A major key to success is to keep the soil healthy; here it is aided by a liberal helping of composted mulch over the winter. Those huge compost bins you can see above are at the heart of the operation and here Charles dispelled a couple of gardening myths: it's OK to add blighted foliage and weeds to the heap. It's a matter of creating the right environment to destroy the nasties like spores and seeds. In this case, having large heaps creates the heat needed to do so and Charles keeps an eye on temperatures at several points. You can just see the 2 thermometers inserted into the latest heap in the photo above.
Out in the garden that application of mulch results in relatively slug free and 'bouncy' beds. Most aren't enclosed because that encourages slugs and snails. The exceptions are the continued no-dig vs dig trails which are framed in oak to keep the areas the same and consistent. We also learned Charles doesn't operate the traditional 4 year crop rotation - another myth busted and one I found out for myself when I had an allotment. NAH doesn't like brassicas so I always planted where there was a free space. Remembering my then Nepalese allotment neighbour, I can see Charles has adopted a similar patchwork approach to her, with crops arranged mainly in blocks instead of rows.
In conversation Charles has a way of quiet teaching and isn't afraid to challenge remarks made which makes you think. Careful observation and meticulous notes inform his remarks as well as his decades of growing experience. He says Victorian gardening and farming is the source of much of the guidance found in books, when there were large teams of people available. His methods are rooted in keeping health in the soil and the desire to find methods to save time. He reckons double digging was a way of keeping estate workers occupied during the winter months: who wouldn't prefer the simpler addition of mulch instead when the results look so good at Homeacres?
Everything in the polytunnel and greenhouse was just as immaculate as arrangements outside. Since returning home NAH and I have discussed where I might squeeze something in at VP Gardens as I came back with tomato and aubergine envy. Growing outside is feasible, but just doesn't achieve the same results. I could even have a go at growing loofahs (or luffa if you prefer) like Charles - I was reminded the National Trust at Knightshayes grows them to use as pan scourers.

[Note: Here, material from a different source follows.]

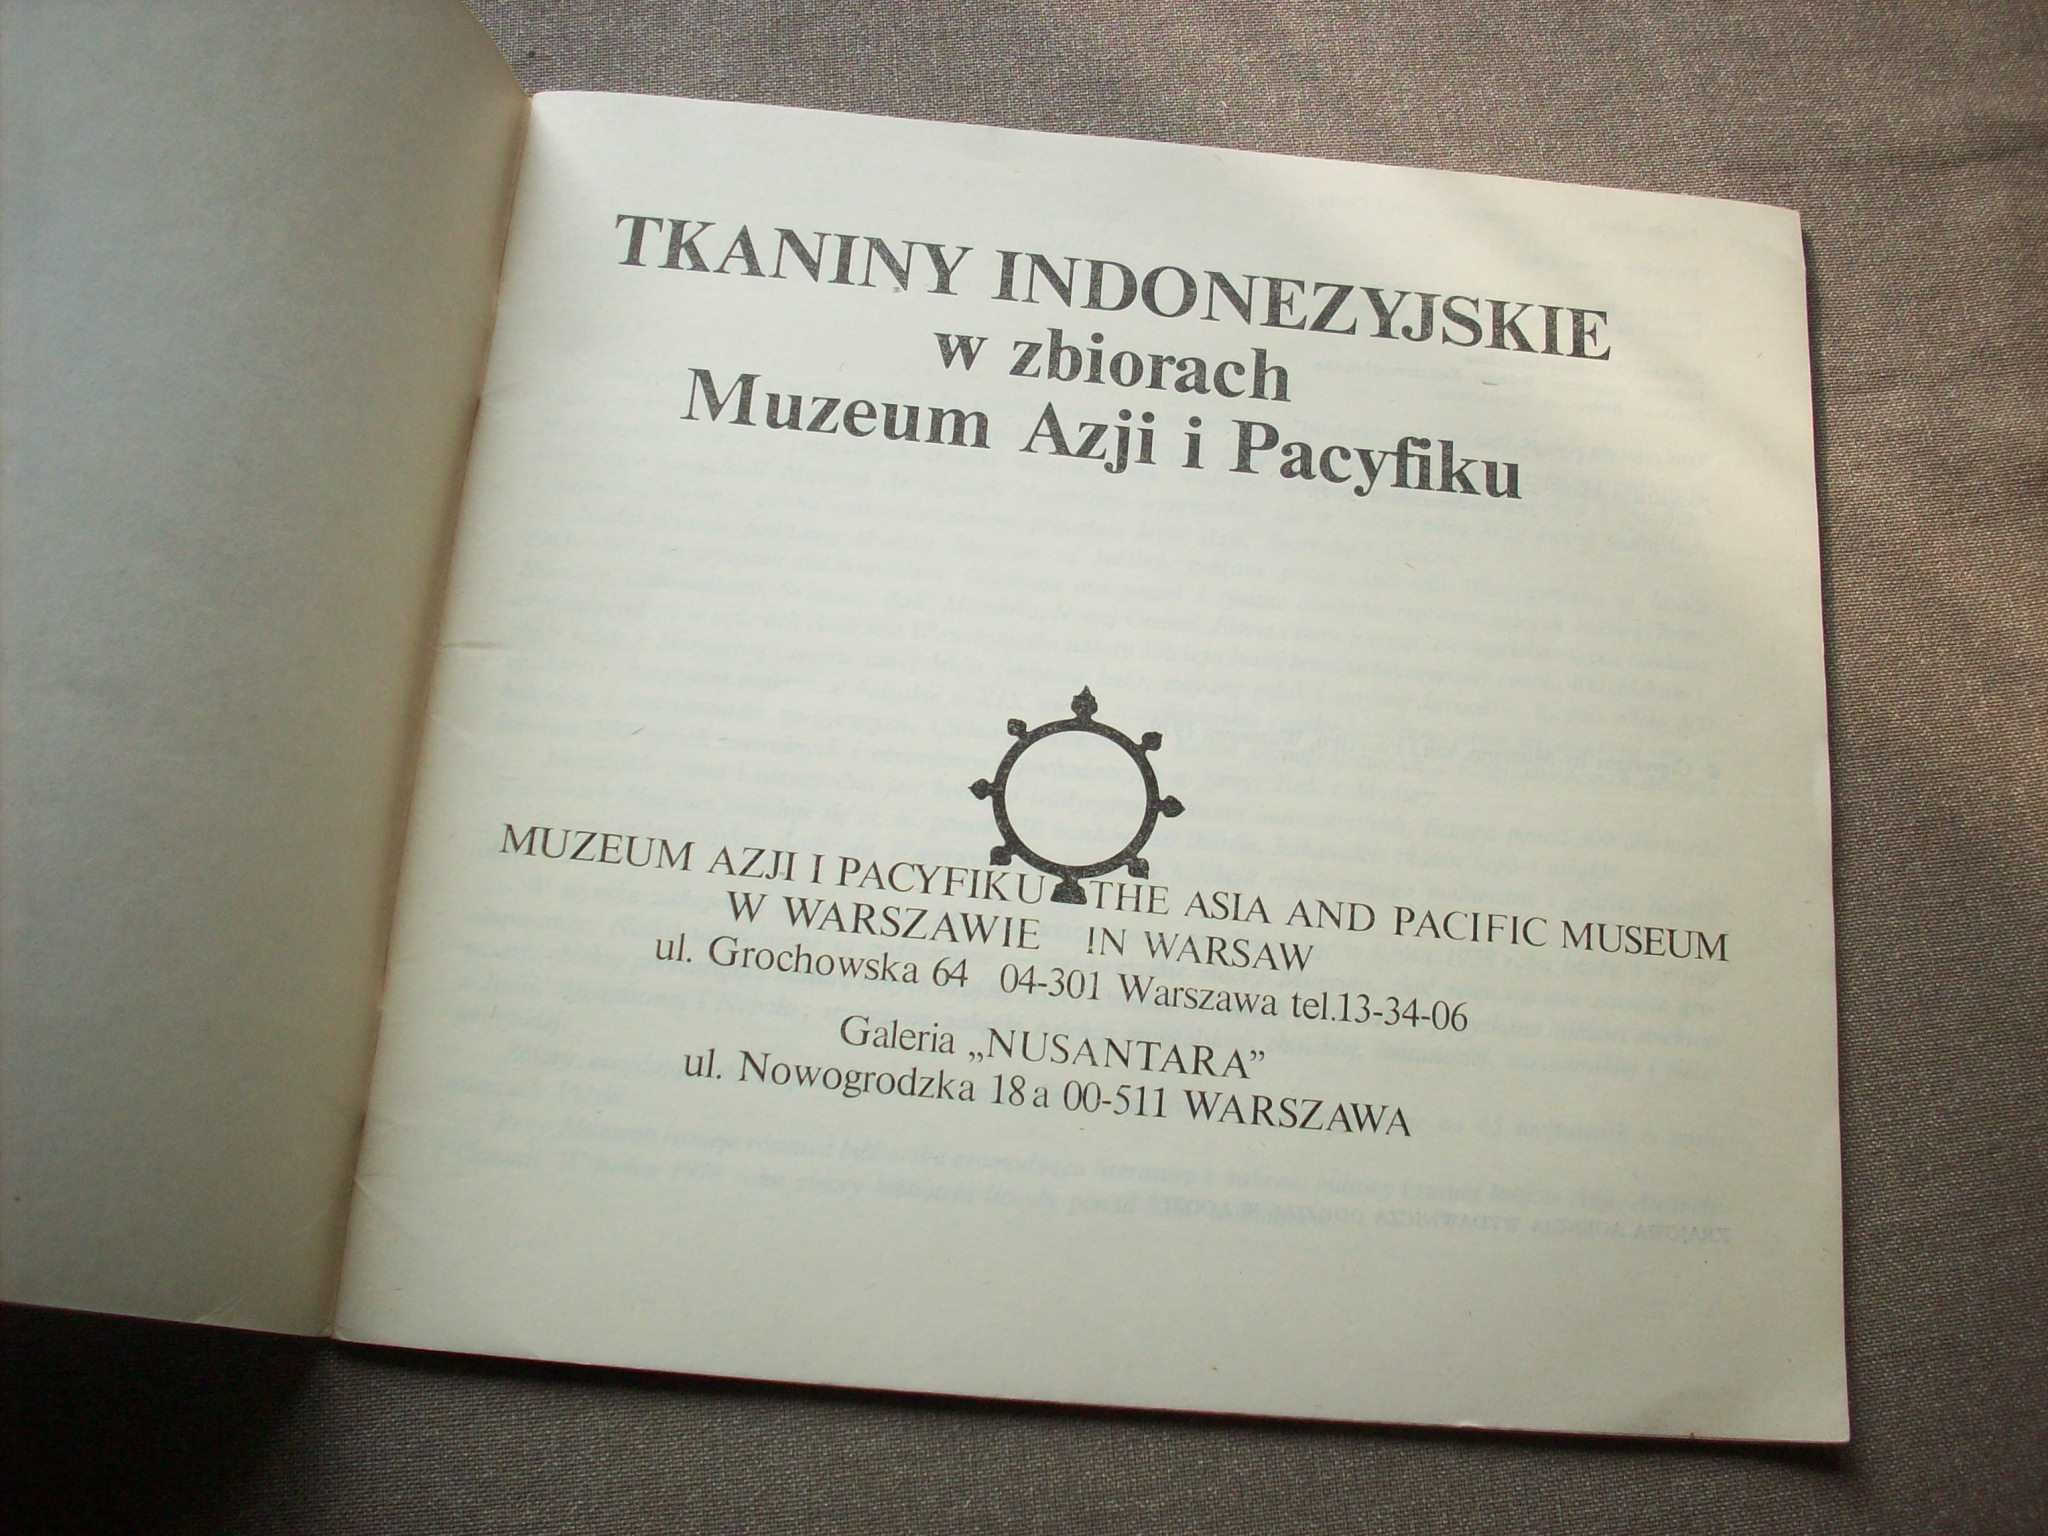 Tkaniny indonezyjskie w zbiorach Muzeum Azji i Pacyfiku.

It was a fabulous time and something to hold onto over the coming weeks as we head towards more restrictive measures again for gatherings. Thanks to Charles and Stephanie for an inspirational morning and to Emma Mason for making it happen.
the new book seeing that was the reason for our visit. It's based on Charles's online course and the content mirrors its modules and lessons. It's a comprehensive introduction to the principles of No Dig and how to get started on your own no dig journey. Each lesson has a fun quiz at the end - well I find quizzes fun! I'm particularly enjoying the lesson on myths in view of our conversation on the day.
The book's a success already and is ready to go into its second edition soon thanks to Charles's legion of fans worldwide. The eagle eyed among you will have spotted this is Course 1 - courses 2 and 3 are set to follow, again based on the written parts of Charles's online courses.
I'm thrilled with the 2021 calendar which was popped in my goody bag. It's packed with information and encouragement and I have no excuse to miss any sowing dates next year. Note that these will be quite different to those you might see elsewhere; for instance, the picking method for salad crops means successional sowing can be replaced by fewer sowings as plants can crop for many more weeks. The dates shown are for gardeners in southern UK (or Zone 8) and guidance is given on how to adjust these for more northern climes.
And later NAH and I enjoyed the tasty salad leaves - every goody bag should have some salad!